Gloria Steinem’s eighth book is part feminist memoir, part autobiography of personal growth and change, part invocation to the adventure of living in the present, and part story book. Her style is relaxed and conversational but never random or sloppy. She presents four purposes of the book in the Introduction, but I found two recurring themes: the joy of serendipitous discovery while traveling to new places and the value of listening, the power of groups talking and listening, that she learned from the talking circles while in India.
The life on-the-road theme begins as she recalls that until she was ten years old her family spent most of each year travelling around the country as her father bought and sold antiques. Though she longed for a “real home” when she was a child, she is grateful for her father’s “faith in a friendly universe” and credits him with her tolerance for a life of relative insecurity. She writes with sadness about her lonely mother who worked as a journalist before she married. This migrant life ended when her parents divorced and she lived in Toledo with her clinically depressed mother. She went to Smith College on a scholarship—Government major, Phi Beta Kappa—and, then, spent two years in India on a fellowship. She studied at the University of Delhi and spent several months with a Gandhi-inspired group who walked from village to village after terrifying caste riots in east India. The walking group invited villagers to meet with them, and with each other, to share their grievances and to provide reassurance after the riots. She credits this experience with teaching her the value of listening and the amazing things that happen when people share with each other in groups.
She returned to the U.S. to work as a free-lance journalist and an avid participant in political campaigns, the first being the 1952 Adlai Stevenson campaign for president. She became aware of the women’s rights-women’s liberation movement in the 1960s. In 1971, after New York Magazine published her article “After Black Power, Women’s Liberation,” she began to receive invitations to speak about feminism. Terrified of public speaking, she enlisted the help of her friend Dorothy Pitman. As a bi-racial team, they spoke at community centers, in union halls, and school gyms. As Steinem gained skill and confidence, this duo was soon traveling to college campuses, to meetings of the National Welfare Rights Organization, to speak with United Farm Workers chapters, lesbian groups, and antiwar activists. Steinem saw her job as helping the audiences become “one big talking circle” — there was always discussion after she and Pitman made their presentations. Later, she would work and travel with the inimitable Florynce (Flo) Kennedy.
Most of the stories that Steinem shares are stories from the road as she became “a public speaker and a gatherer of groups” and one of the best-known feminists in the U.S. She refers to these campus speaking engagements as the “largest slice of my traveling pie.” One of her best stories is about the often-tense 1977 National Women’s Conference in Houston. This account features Bella Abzug, co-founder of Women Strike for Peace in 1961, three-term Congresswoman from New York, and tireless activist. Abzug, Congresswomen Shirley Chisholm and Patsy Mink asked Steinem to help them organize the National Women’s Political Caucus, which they did in 1971 with a diverse group of notable women. There are other stories from the feminist trenches, but this book is only part feminist memoir. There is a curious and very fun chapter titled “Surrealism in Everyday Life,” and there is a chapter about her time in “Indian Country” by which she means her relationships with Native Americans, including Wilma Mankiller, deputy chief of the Cherokee Nation.
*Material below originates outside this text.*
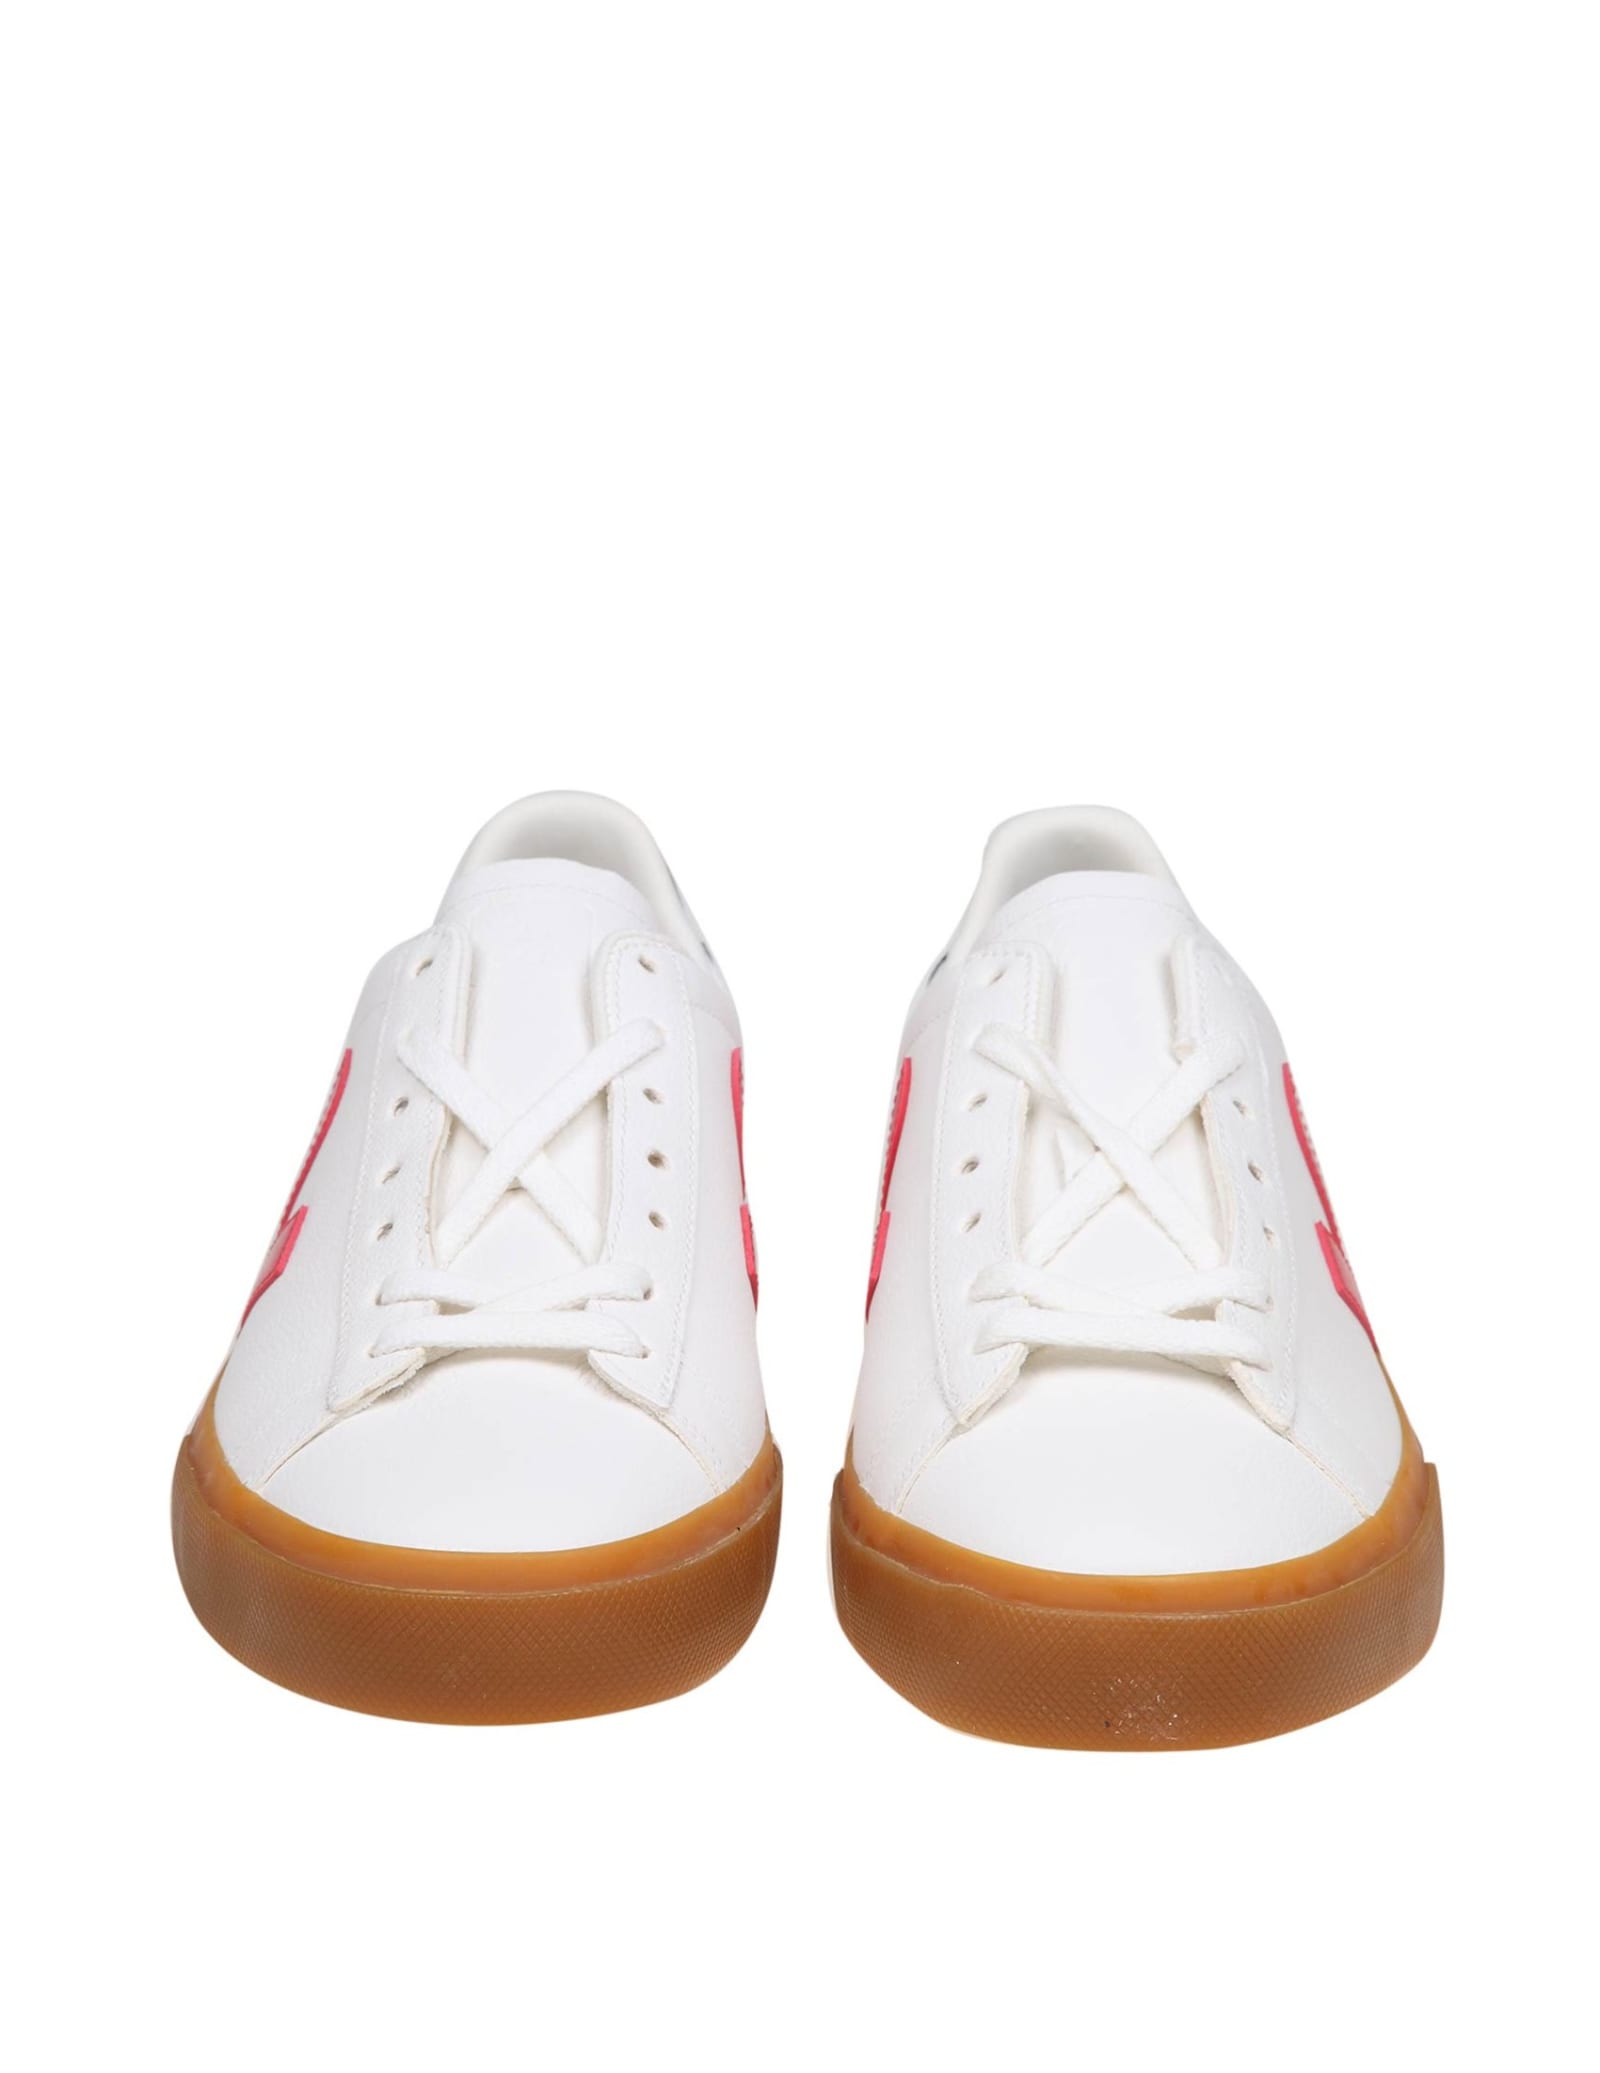 Shop Veja Campo Chromefree In White/red And Green Leather In White/poker
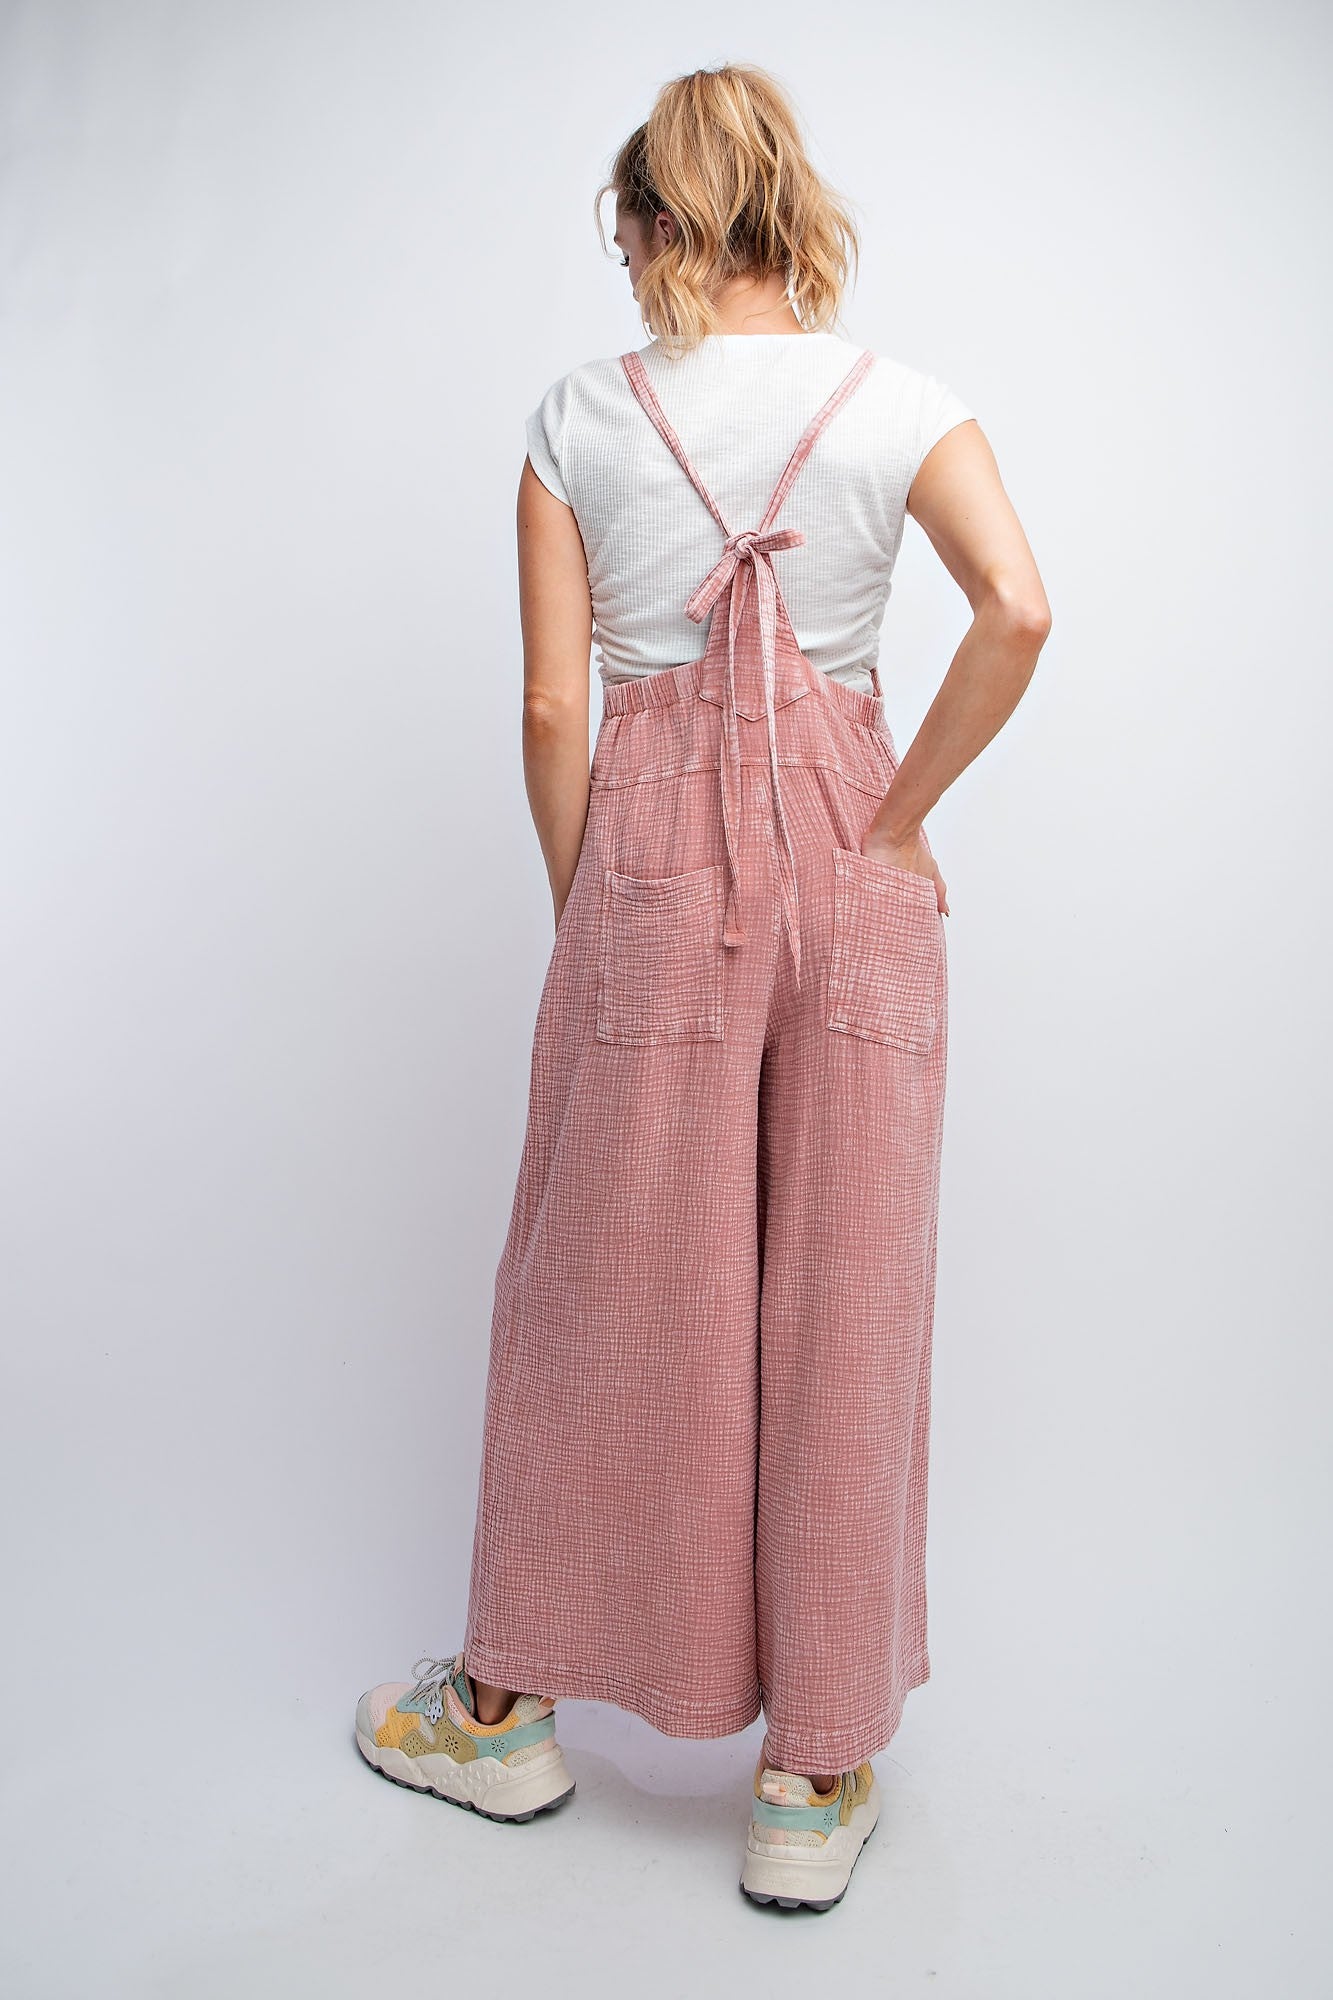 The Petunia Pink Overalls

Speaking of “Indian Country,” I was troubled when she confidently asserted the popular, but erroneous, notion that that the U.S. Constitution was modeled on the Iroquois Confederacy.
Steinem shares these stories in the most-unassuming way as if you were a long-time friends visiting over a cup of coffee after having not seen each other for a while. She talks (writes) about covering Eugene McCarthy after Robert Kennedy’s assassination in 1968 and about the Clinton-Obama contest in 2008. My favorite chapter, “Why I Don’t Drive,” is an account of conversations she has had with taxi drivers. Oh, the stories!
But, of the lessons that she has learned and that she shares, my favorite is this: “One of the simplest paths to deep change is for the less powerful to speak as much as they listen, and for the more powerful to listen as much as they speak.”